The January phone call between Trump and Prime Minister Malcolm Turnbull was widely reported at the time. But the transcripts published Friday by The Washington Post offered new details into the conversation, which focused on an Obama-era refugee deal under which the United States will take up to 1,250 refugees that Australia houses in detention camps on the Pacific island nations of Nauru and Papua New Guinea.
According to the transcript, Trump told Turnbull the agreement was "stupid," ''disgusting" and "horrible," adding: "This deal will make me look terrible... I am going to get killed on this thing."
"It was a courteous, frank conversation as President Trump said," Turnbull told reporters in the west Australian town of Broome when asked about the transcripts. "We're both adults. ... I stand up for Australia's interests, he stands up for America's interests. We have a warm relationship."
Trump originally said reports characterizing the conversation as testy were "fake news" made up by the media, and insisted the call had been civil.

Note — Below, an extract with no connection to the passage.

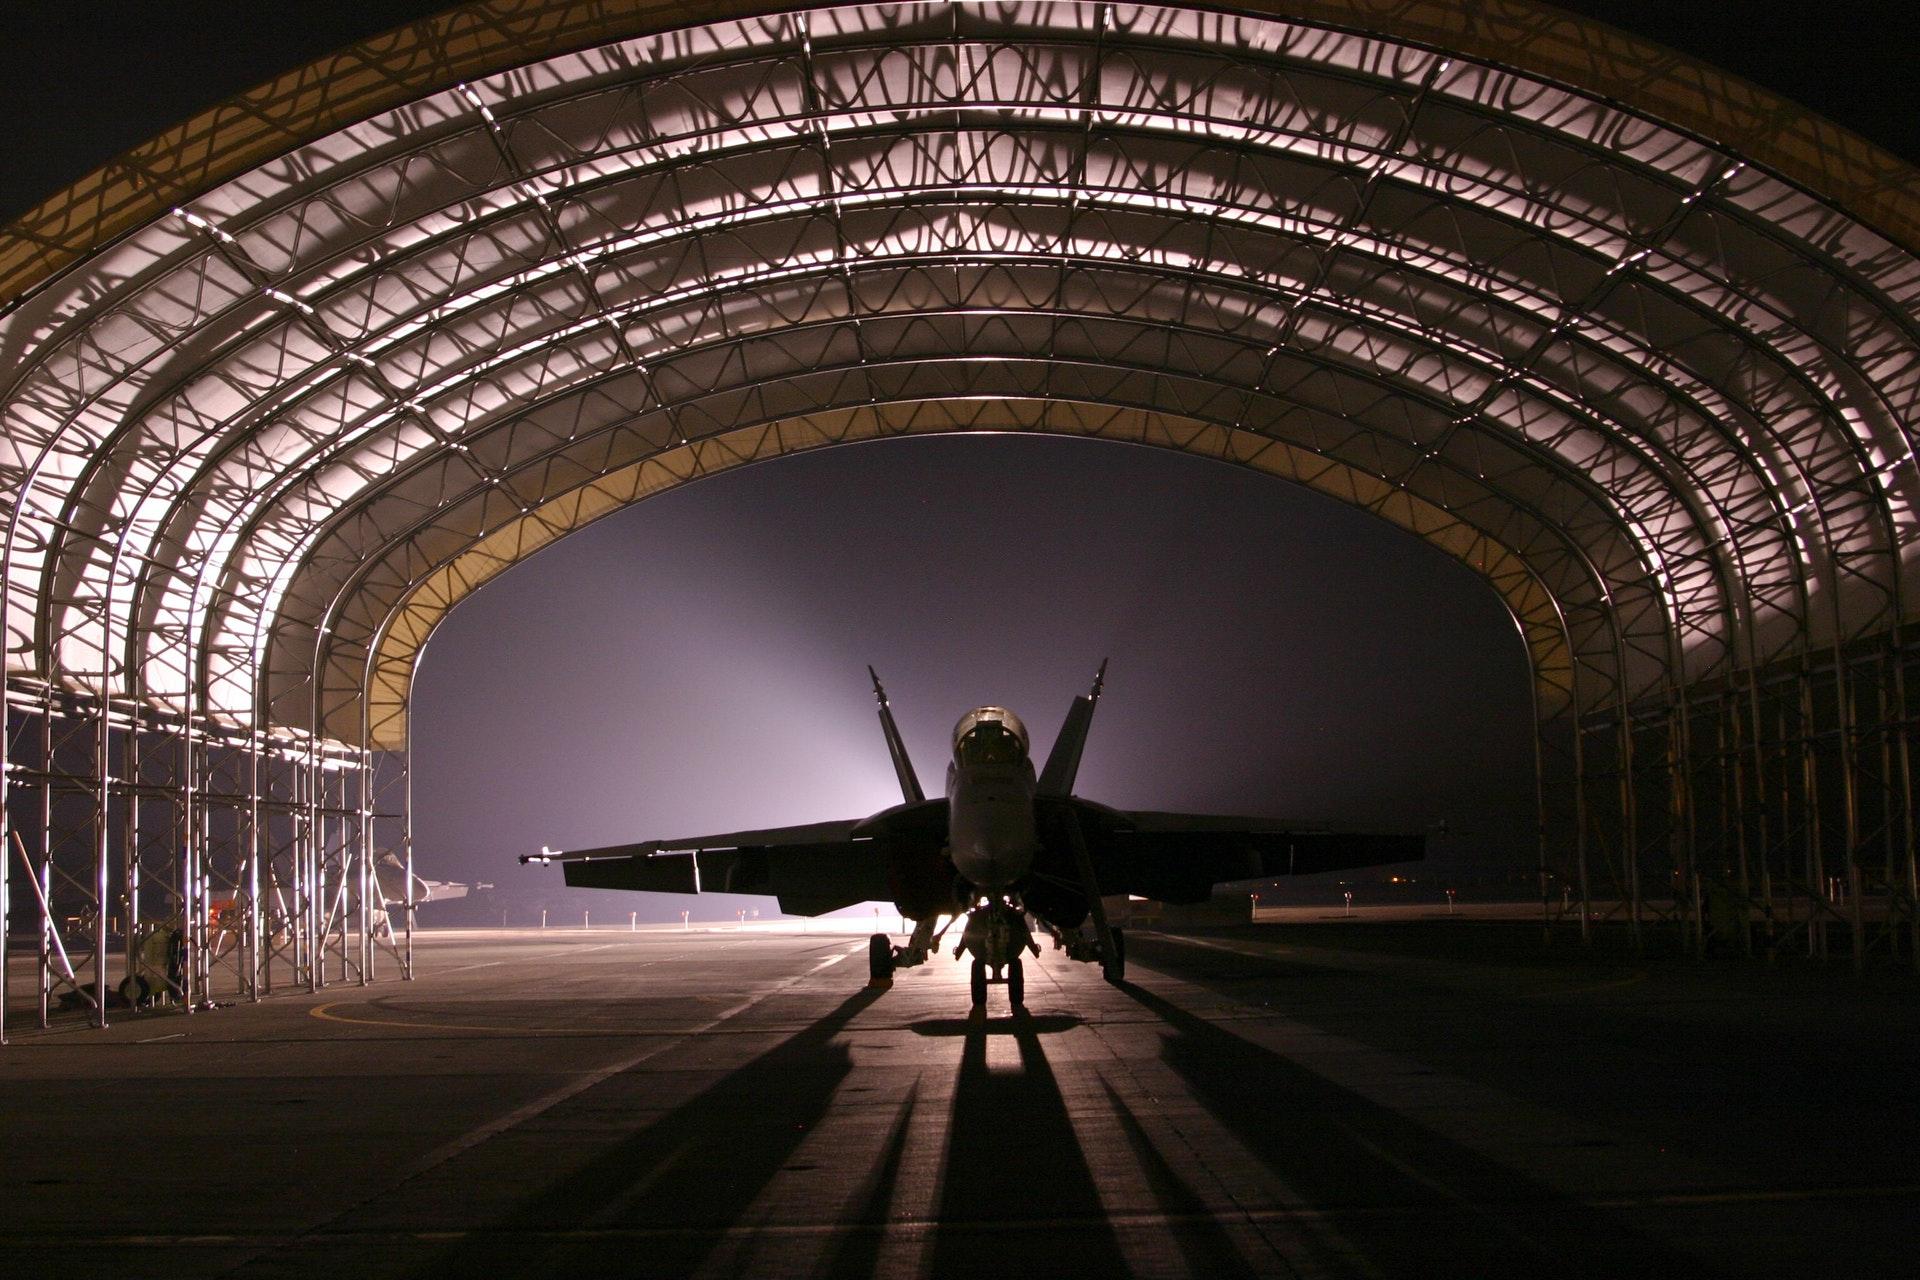 hangar-jet-aircraft-fighter-72593.jpeg

Trump repeated his assertion that the reports were "fake news" when he and Turnbull met in New York in May, to which Turnbull responded: "Yes, that's exactly right."
But the transcript showed the exchange was indeed fraught, with Trump at one point saying his conversation with Russian President Vladimir Putin had been nicer. "That is enough, Malcolm. I have had it," Trump said, according to the transcript. "I have been making these calls all day, and this is the most unpleasant call all day. Putin was a pleasant call."
On Friday, Turnbull dodged a reporter's question over whether he regretted characterizing the earlier media reports about the conversation as fake.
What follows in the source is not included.